The listing is to be printed word for word, pictures omitted.

(The data)
##########
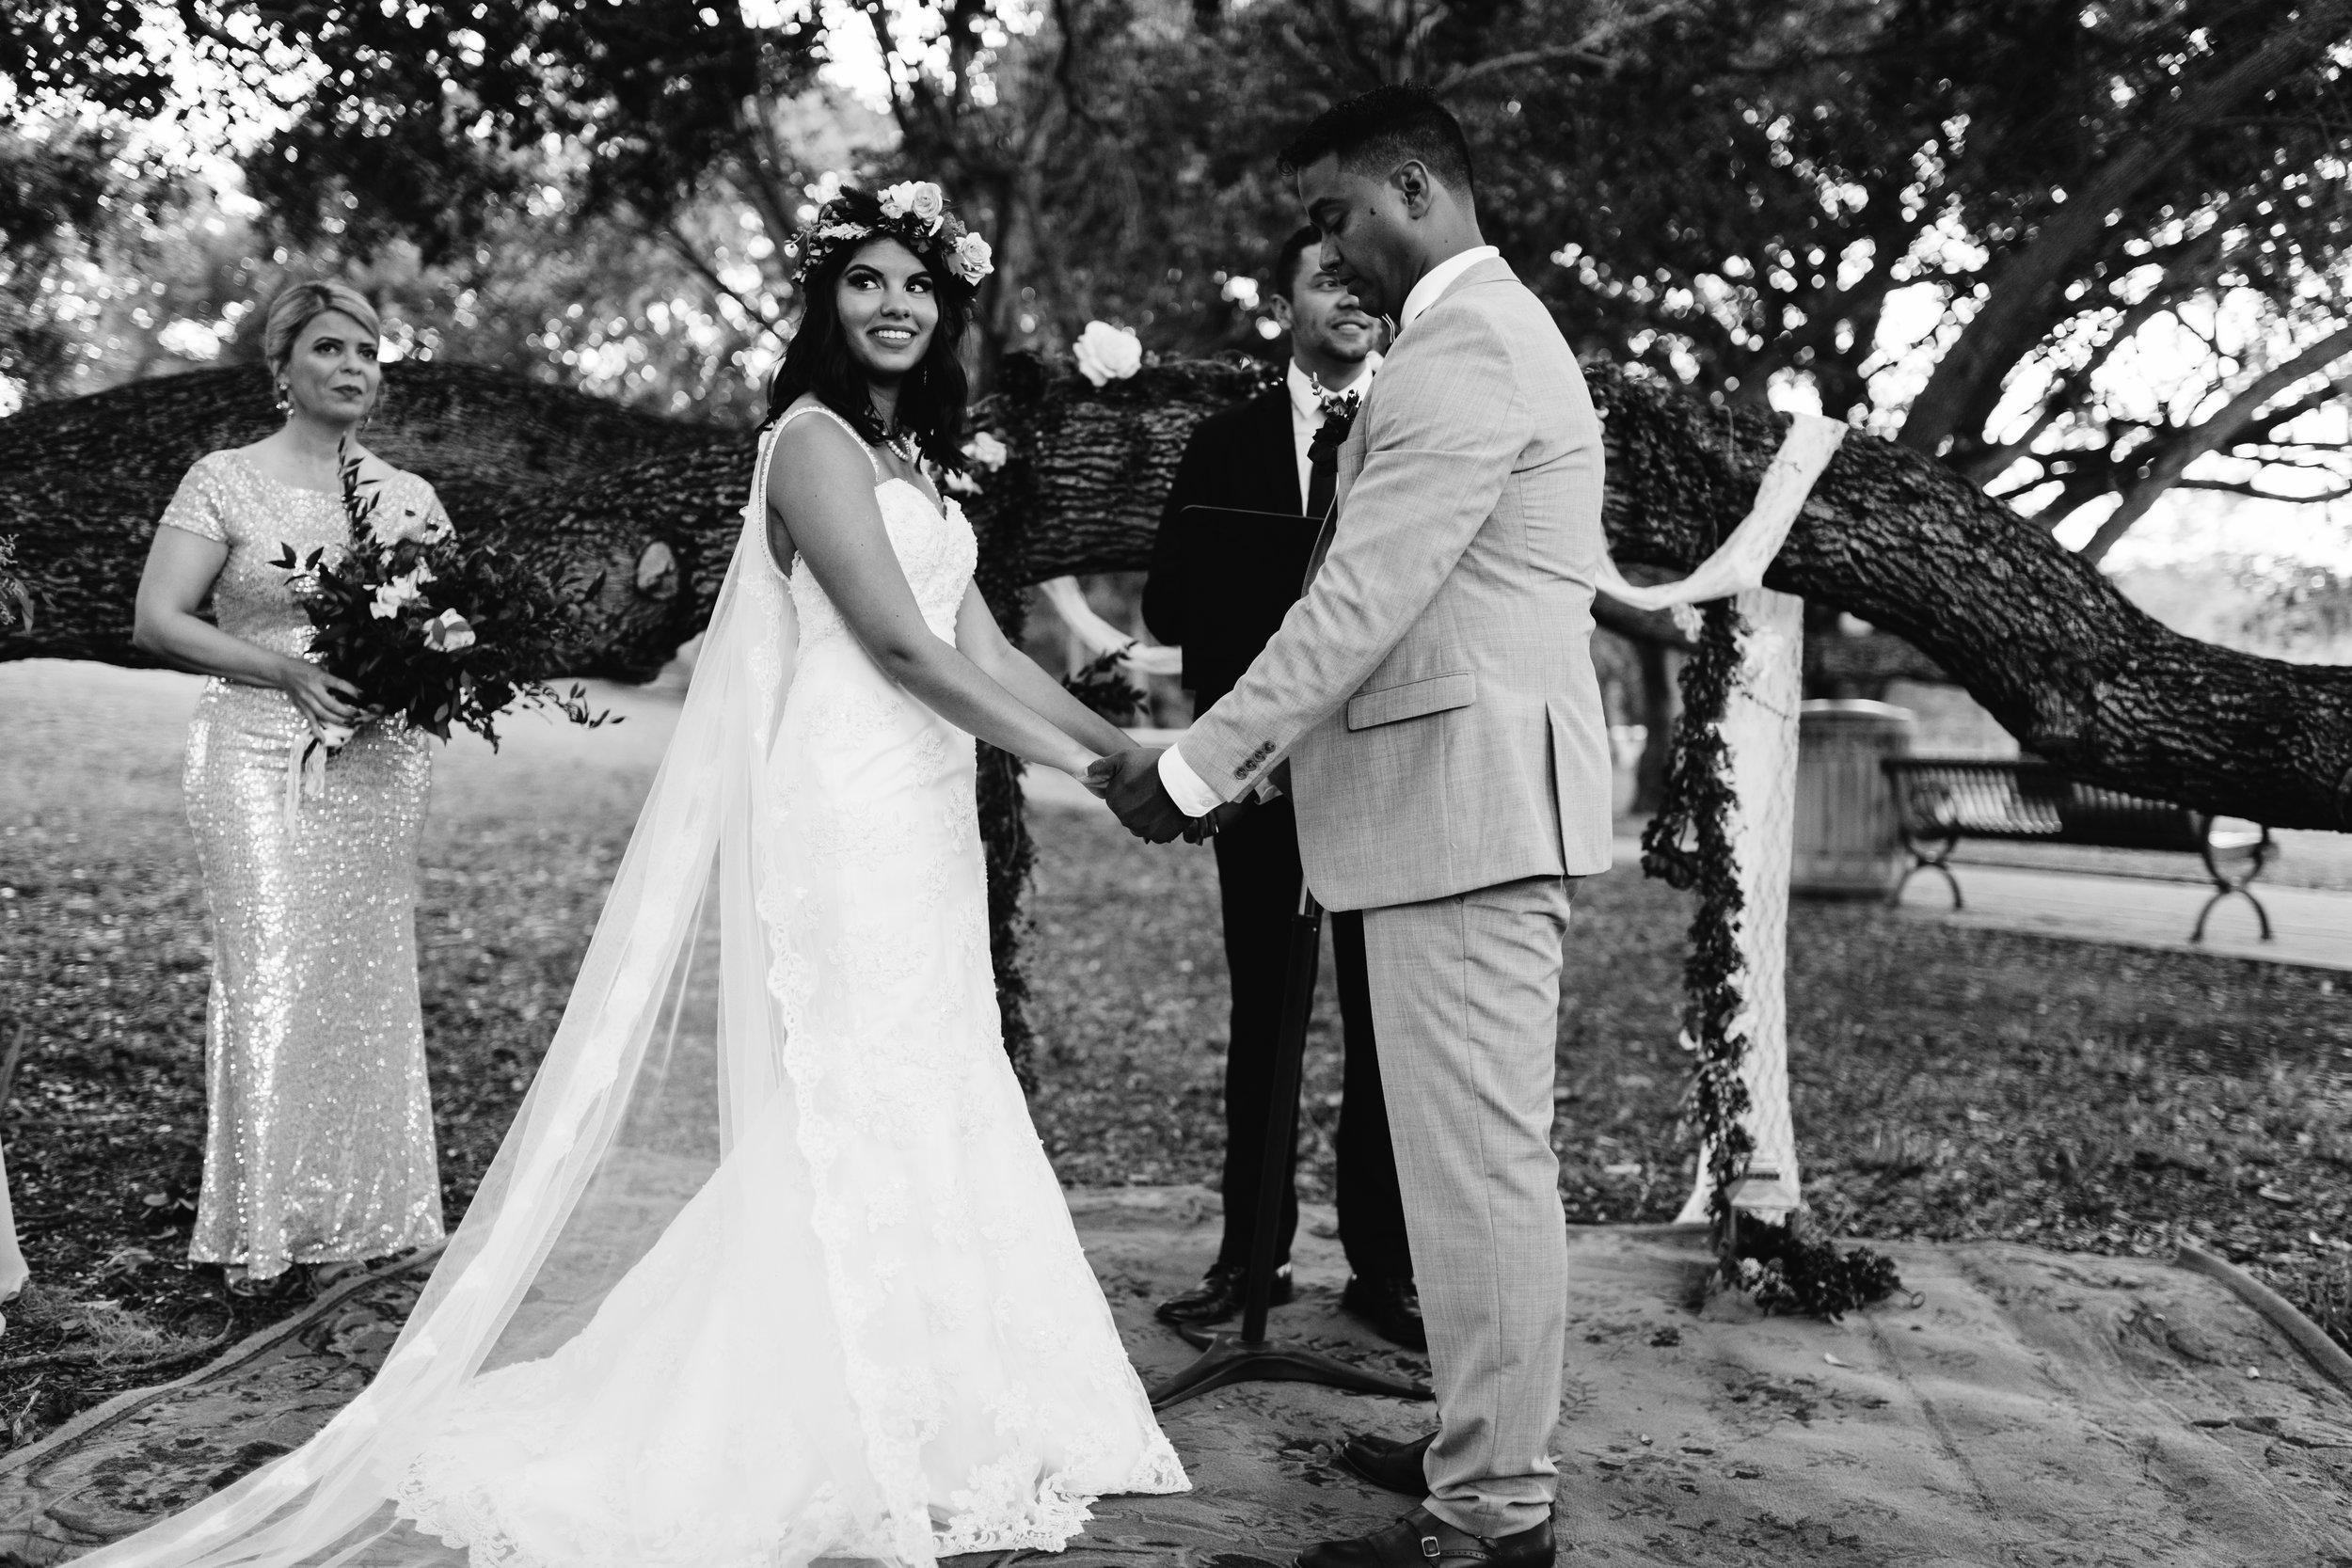 2017.05.23 Barbara and Mauricio Sales Port St Lucie Wedding (368 of 772).jpg
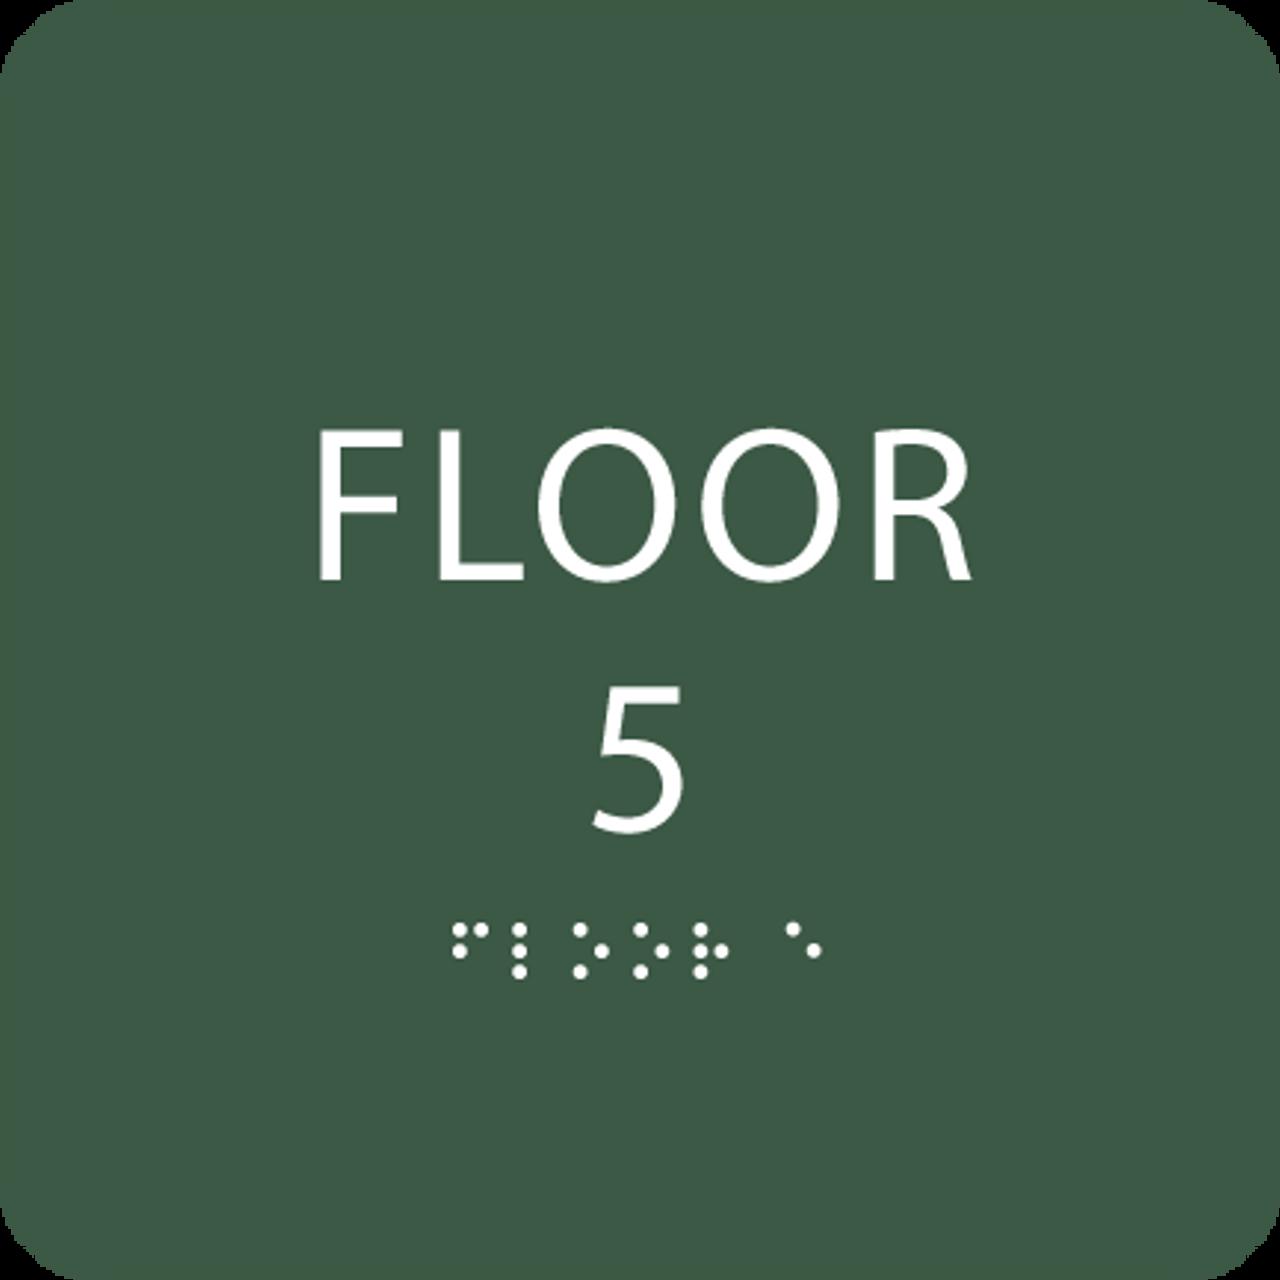 Green Floor 5 Level Number Sign
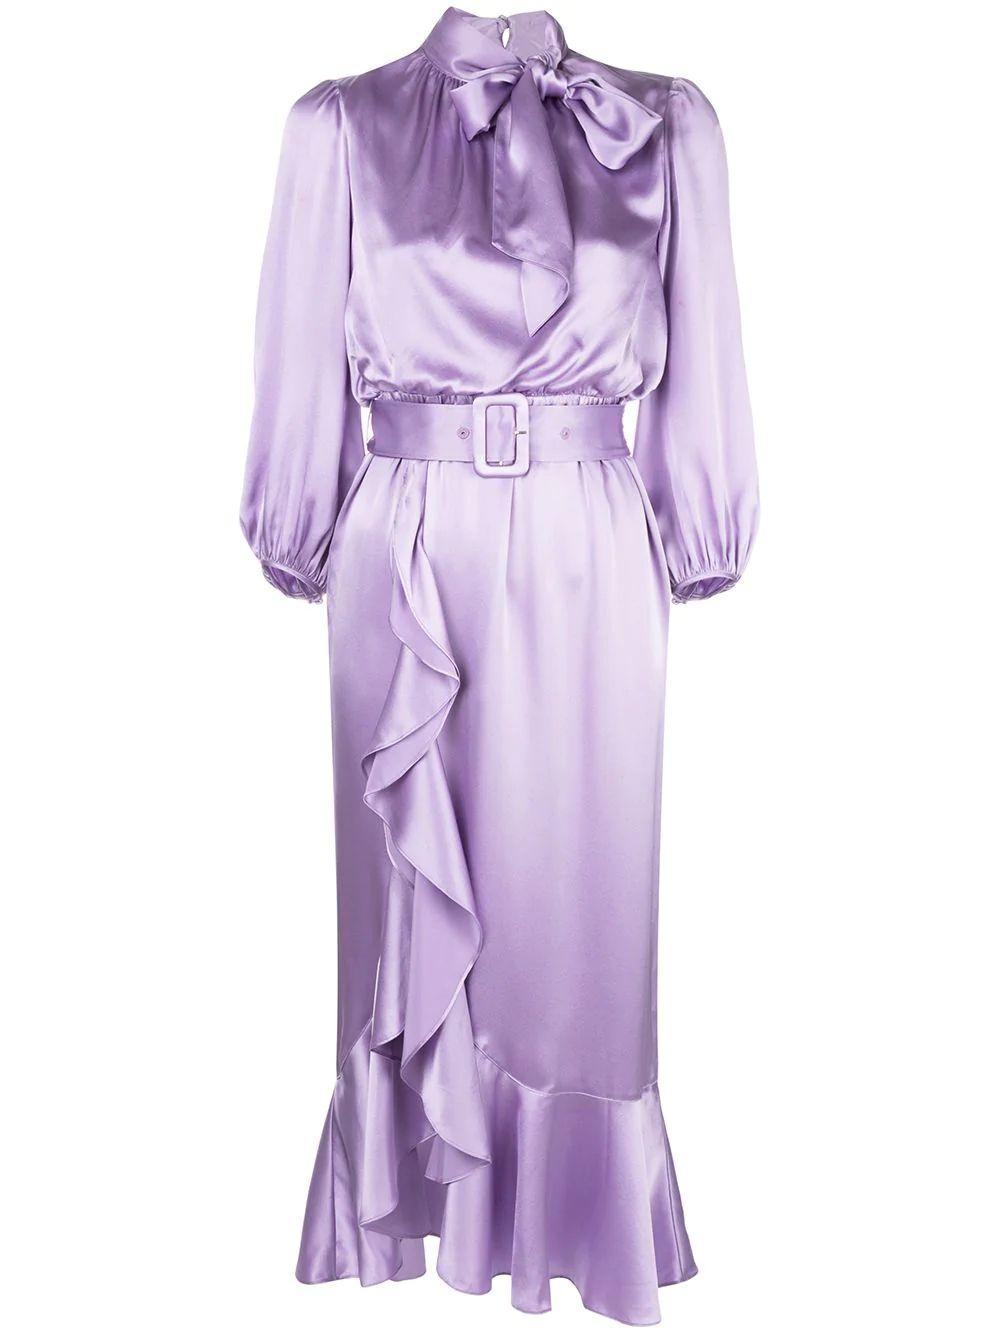 Bella Long Sleeve Dress
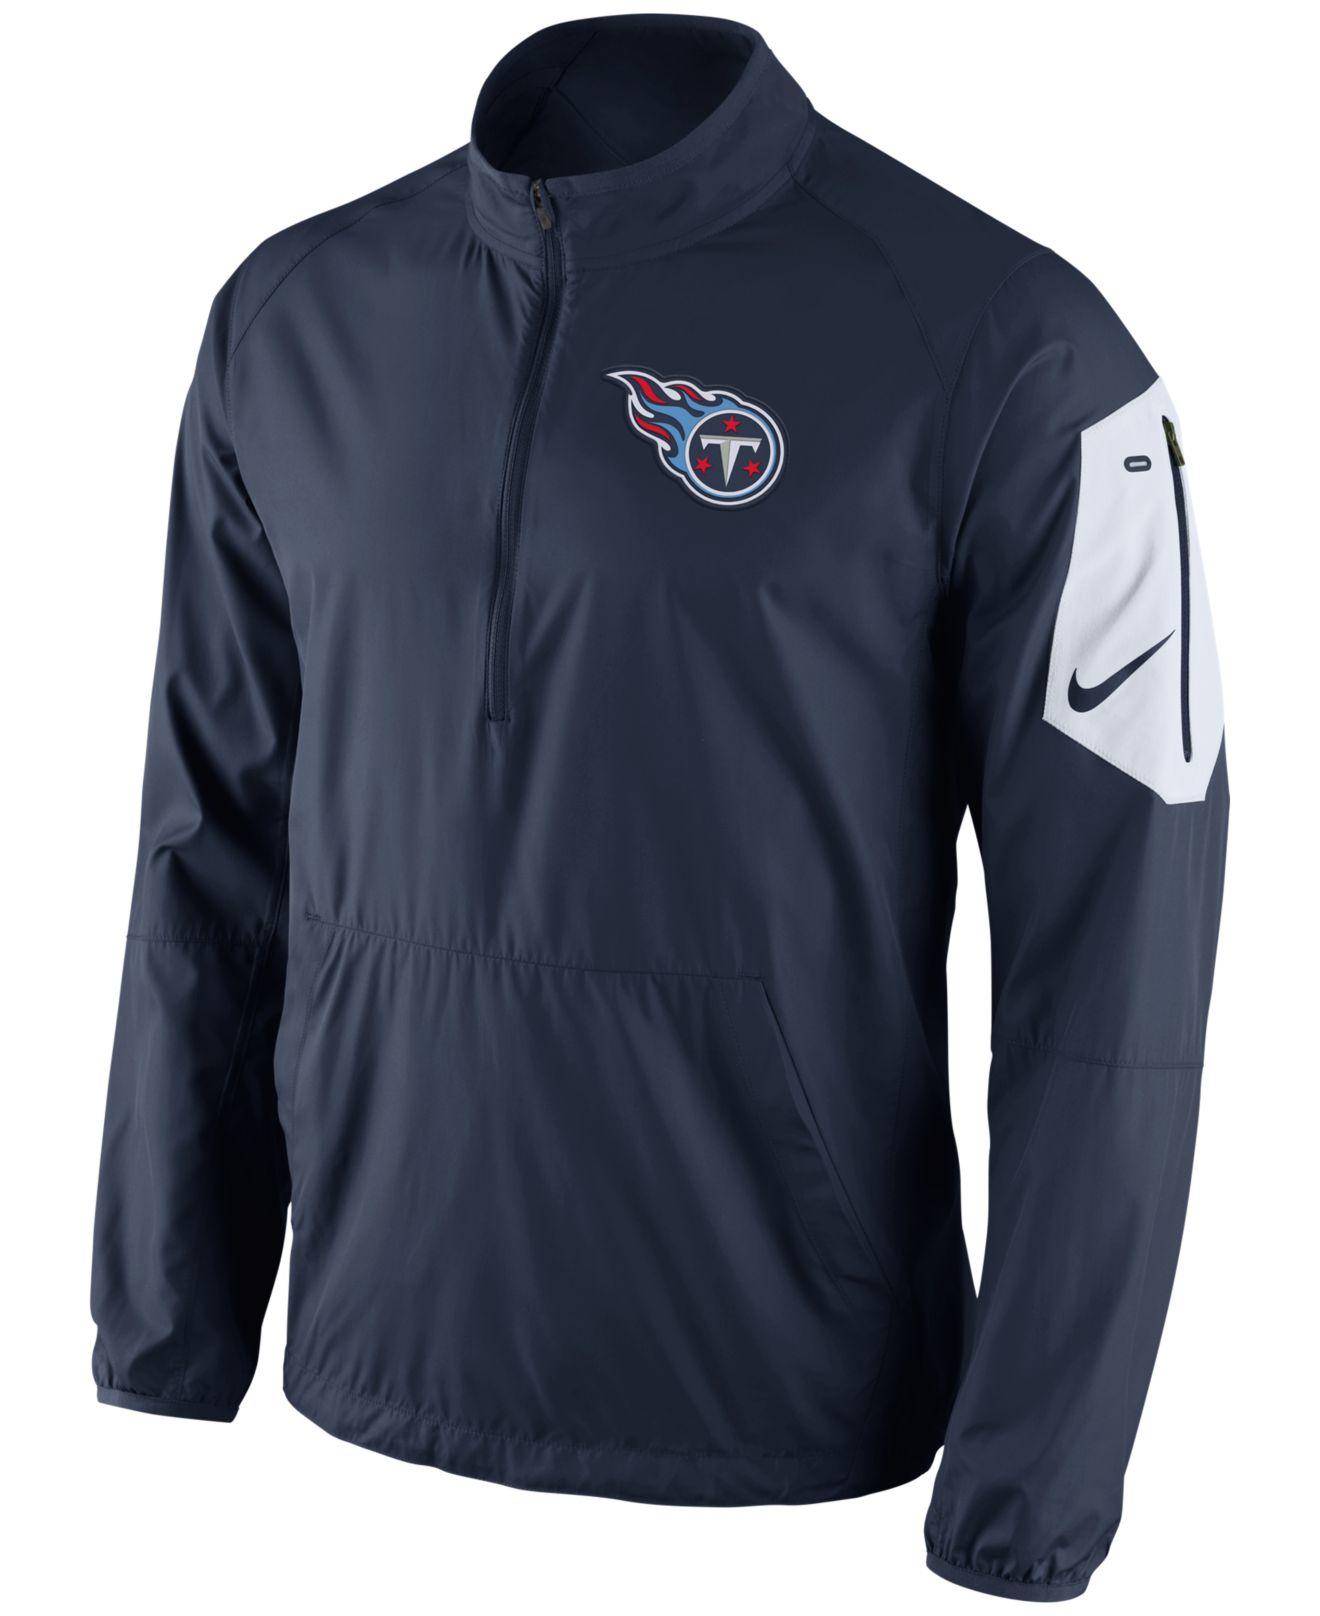 Lyst - Nike Men s Tennessee Titans Lockdown Half-zip Jacket in Blue ... ecc7abbcd
##########
(Written response)
 2017.05.23 Barbara and Mauricio Sales Port St Lucie Wedding (368 of 772).jpg
 Green Floor 5 Level Number Sign
 Bella Long Sleeve Dress
 Lyst - Nike Men s Tennessee Titans Lockdown Half-zip Jacket in Blue ... ecc7abbcd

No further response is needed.